Ada juga yang  mengincar atau ingin memiliki, menguasai sesuatu yang abstrak tetapi nyata, misalnya ingin menduduki jabatan “empuk” yang menggiurkan karena ditempat itu  akeh bleduge, terjemahan harafiahnya : banyak debunya, arti kiasan dari: ada banyak pendapatan ekstra selain gaji resminya.Bila berhasil menduduki posisi tersebut, uang ekstra akan mengalir kekocek dengan deras, istilahnya  hanya paraf atau tanda tangan saja ada yang menyetori duit, belum lagi fasilitas gratis yang akan diterima. Oleh karena itu, ada banyak orang yang ingin bekerja “mengabdi” buat bangsa dan negara, tetapi apa salahnya kalau bisa punya jabatan basah. Posisi seperti itu ada  ditingkat birokrasi  rendah sampai yang tertinggi.

Disebuah  negeri dimana sistim birokrasinya termasuk “ ekonomi beaya tinggi”, saingan atau rebutan untuk mendapatkan jabatan “empuk” adalah sesuatu yang dianggap wajar-wajar saja. Tidak ada yang salah, karena keadaan sesaat mendukung hal yang salah kaprah seperti itu.Tidak tertutup kemungkinan bahwa untuk mendapatkan posisi yang menggiurkan itu, seseorang peminat harus bermodal, keluar duit untuk “membelinya”.Sesudah berhasil menjabat, ya wajar saja kalau dia menarik kembali” modal” yang telah dikeluarkan dan tentu saja dengan ditambah keuntungan yang berlipat-lipat!.

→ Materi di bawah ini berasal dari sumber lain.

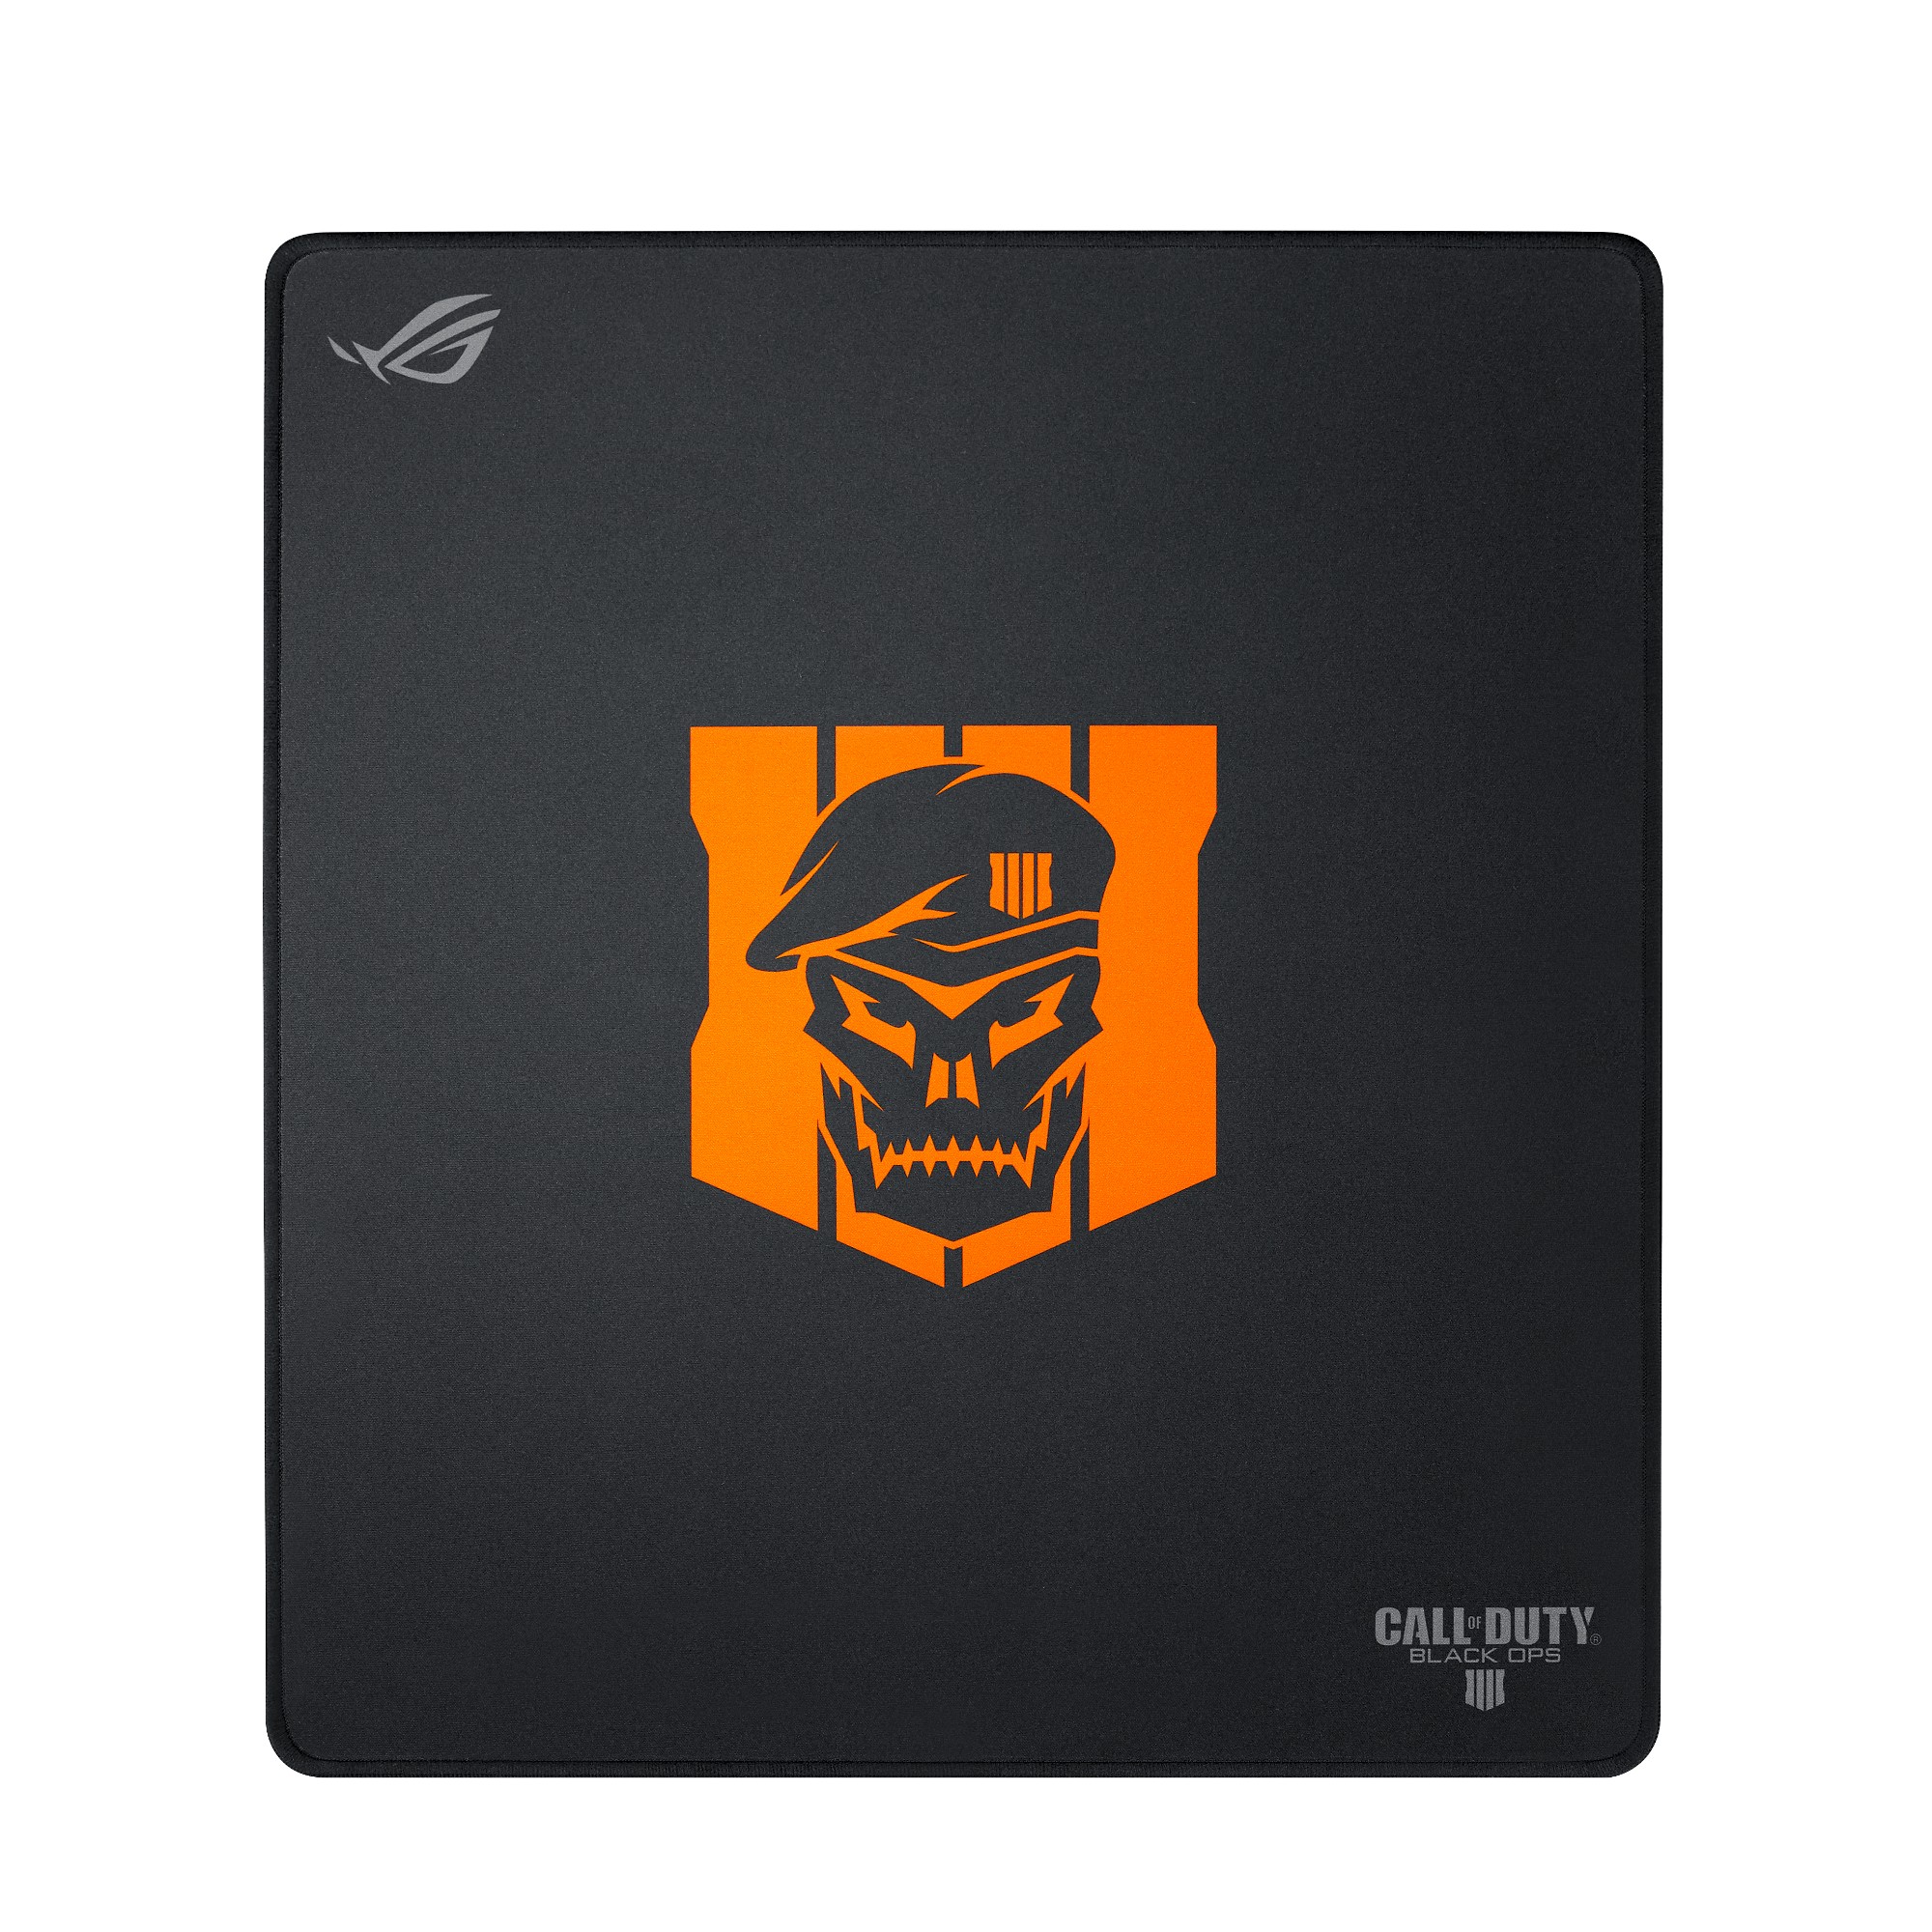 90MP00T1-B0UA00 ASUS ROG Strix Edge Call of Duty Black Ops 4 Edition Gaming Surface (90MP00T1-B0
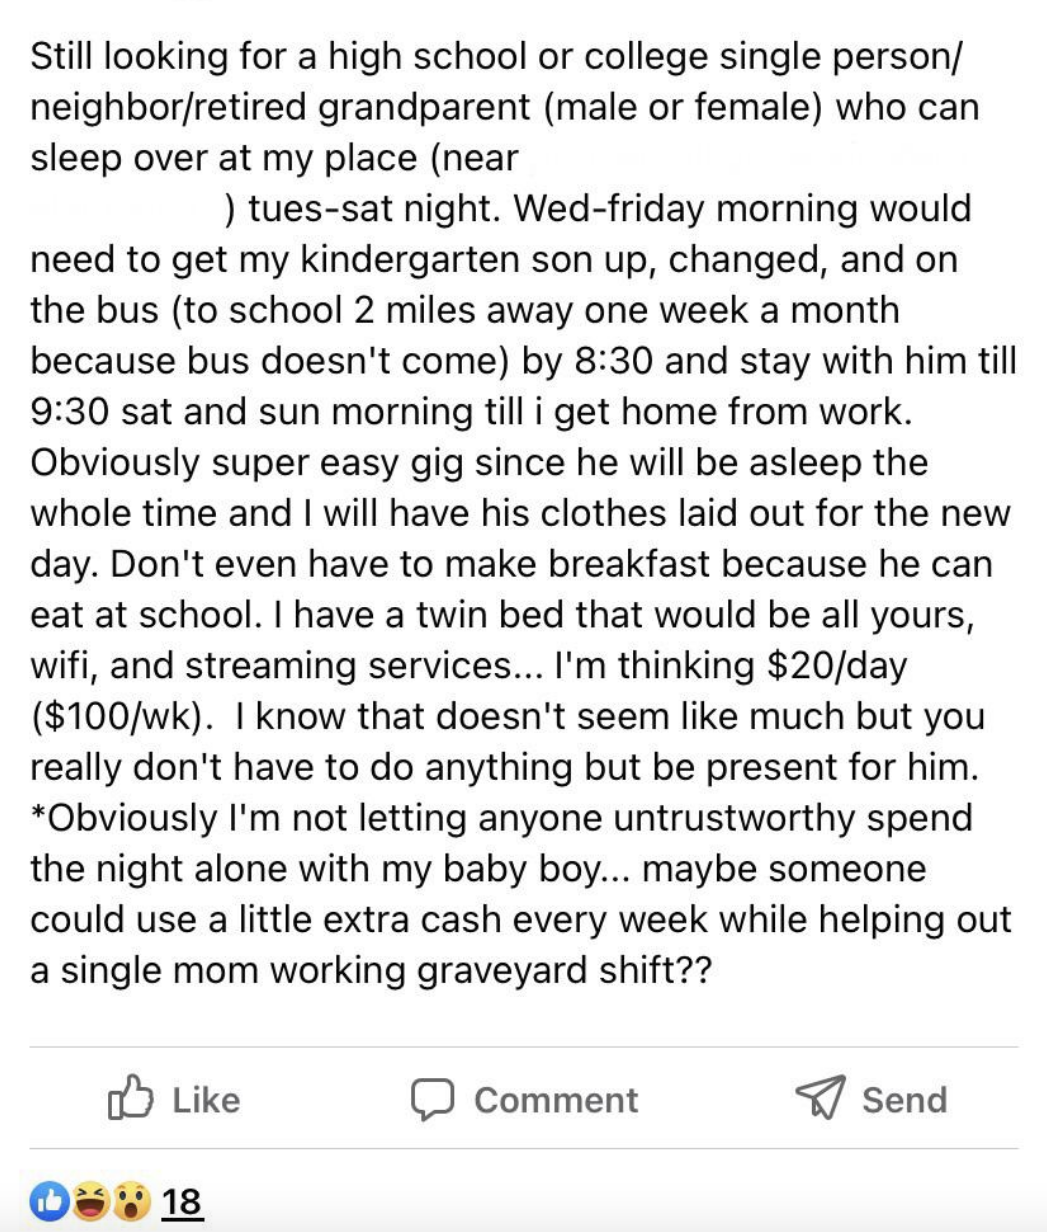 A mother asks for someone to babysit her child overnight, sleep at her house Tuesday through Saturday, and take her child to school in the morning — all for $20 a day

Keadaan yang seperti ini berlaku didalam masyarakat yang sedang atau masih sakit. Alasan klisenya karena gajih birokrat tidak cukup dan dalam kehidupan yang konsumeristis, jarang orang yang mau hidup sederhana .Padahal persoalannya adalah masih tersebarnya sakit mentalitas yang menggurita kemana-mana.

Ada yang bertanya, bagaimana caranya supaya para pejabat dan terutama saudara-saudara kita yang menduduki echelon diatas tidak terjebak didalam berbagai goda? Karena sebagian dari mereka itu sepertinya terlena  aji mumpung.

Untuk memperbaiki keadaan ini, moralitas ,budi pekerti harus ditegakkan kembali supaya manusia menggunakan nurani, jiwanya bersih tercerahkan,tuntunan Ilahi akan menyinari, itulah modal utama untuk merombak keadaan yang amburadul ini. Selanjutnya, manusia-manusia trampil yang telah tercerahkan jiwanya, mumpuni dalam berbagai ilmu keduniawian yang canggih, akan lebih mudah mrantasi gawe menggulirkan tata kehidupan yang adil dan sejahtera dinegeri tercinta ini.